You are viewing a plain text version of this content. The canonical link for it is here.
Posted to solr-user@lucene.apache.org by Claudio Martella <cl...@tis.bz.it> on 2009/10/01 13:21:47 UTC

Query filters/analyzers

Hello list.

So, i setup my schema.xml with the different chains of analyzers and
filters for each field (i.e. i created types text-en, text-de, text-it). 
As i have to index documents in different languages, this is good. 
But what defines the analyzers and filters for the query? 

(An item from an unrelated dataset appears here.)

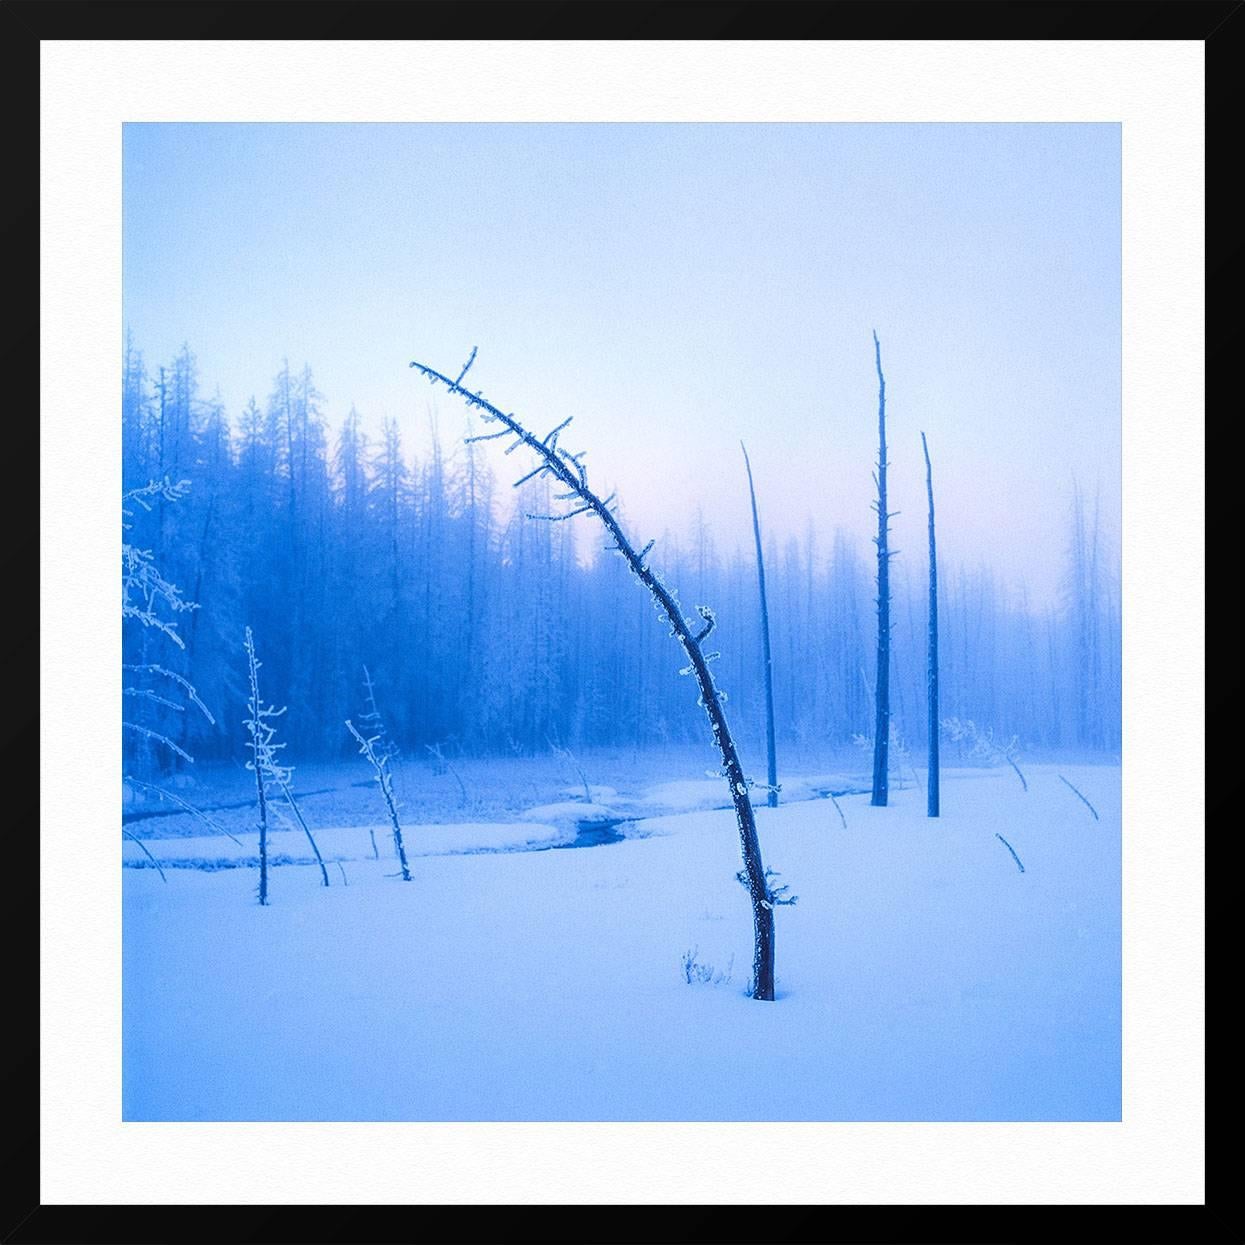 Frozen Tree on Twilight - Blue Landscape Print by Luca Marziale
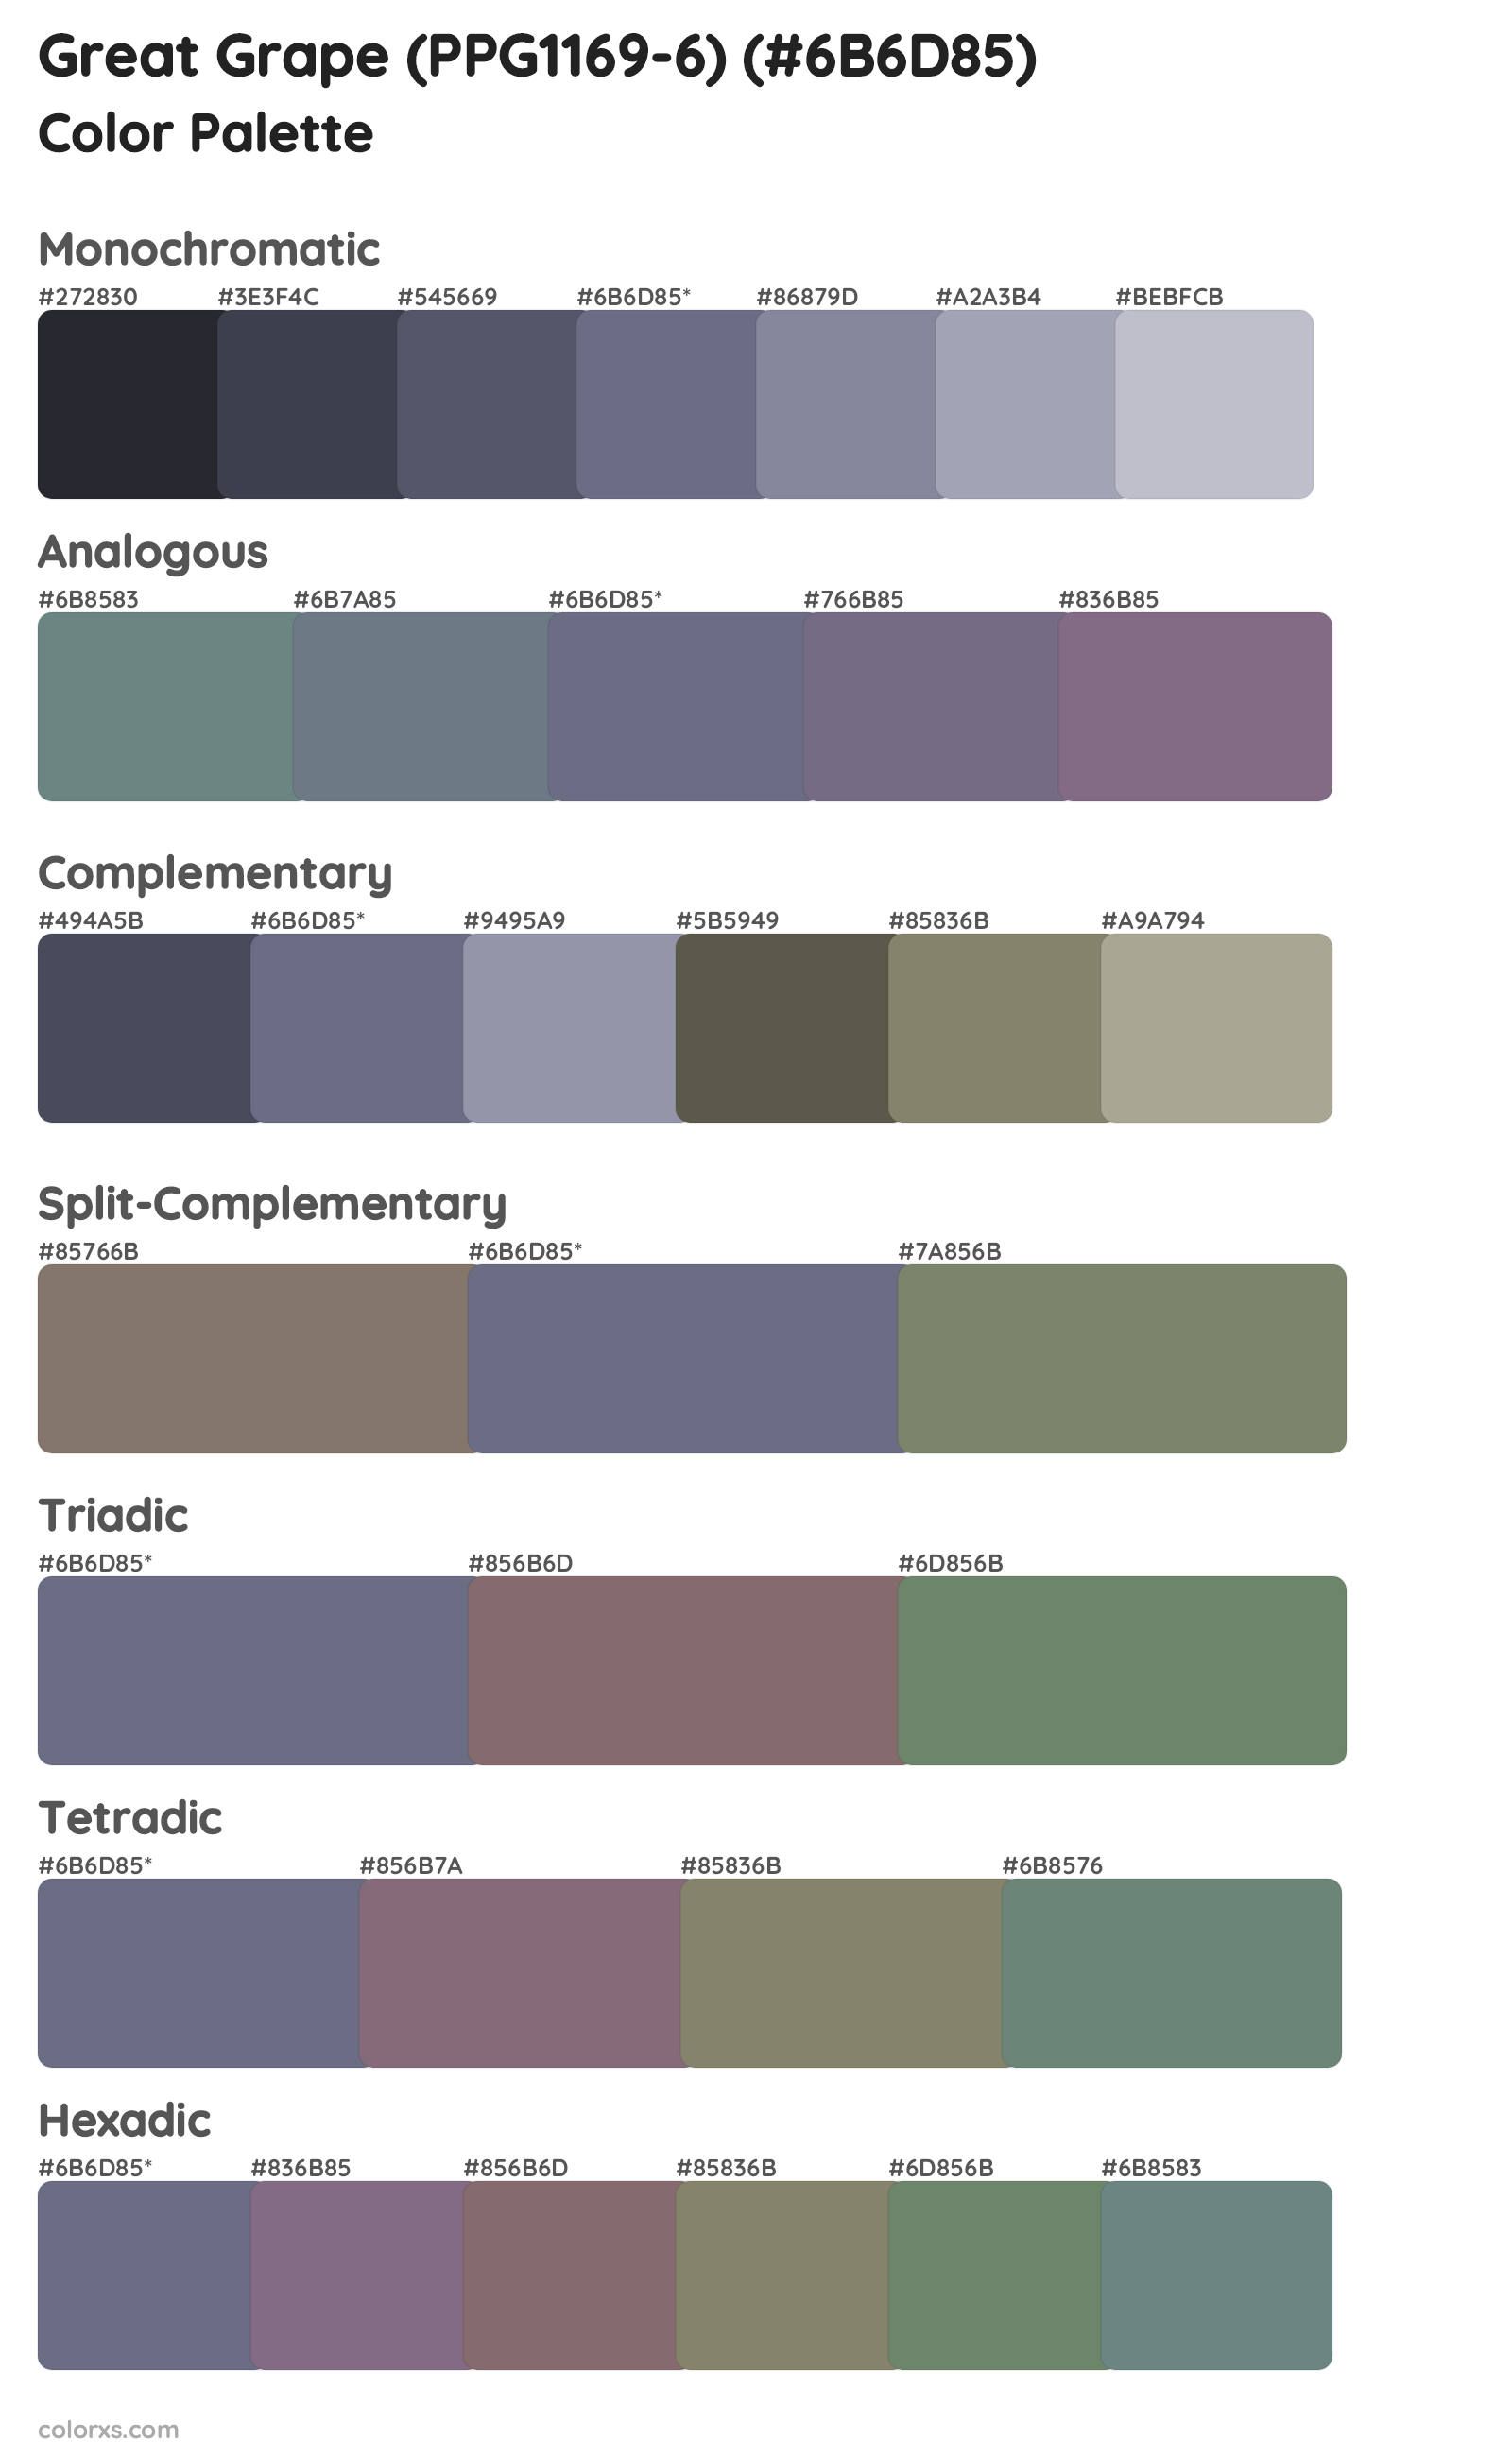 Great Grape (PPG1169-6) Color Scheme Palettes

Let's suppose i have my web-app with my input form where you
fill in the query. I detect the language so i can query the field
content-en or content-it or content-de according to the detection.
But how is the query going to be analyzed? Of course i want the query to
be analyzed accordingly to the field i'm going to search in.
Where is this defined?

TIA

Claudio

-- 
Claudio Martella
Digital Technologies
Unit Research & Development - Engineer

TIS innovation park
Via Siemens 19 | Siemensstr. 19
39100 Bolzano | 39100 Bozen
Tel. +39 0471 068 123
Fax  +39 0471 068 129
claudio.martella@tis.bz.it http://www.tis.bz.it

Short information regarding use of personal data. According to Section 13 of Italian Legislative Decree no. 196 of 30 June 2003, we inform you that we process your personal data in order to fulfil contractual and fiscal obligations and also to send you information regarding our services and events. Your personal data are processed with and without electronic means and by respecting data subjects' rights, fundamental freedoms and dignity, particularly with regard to confidentiality, personal identity and the right to personal data protection. At any time and without formalities you can write an e-mail to privacy@tis.bz.it in order to object the processing of your personal data for the purpose of sending advertising materials and also to exercise the right to access personal data and other rights referred to in Section 7 of Decree 196/2003. The data controller is TIS Techno Innovation Alto Adige, Siemens Street n. 19, Bolzano. You can find the complete information on the web site www.tis.bz.it.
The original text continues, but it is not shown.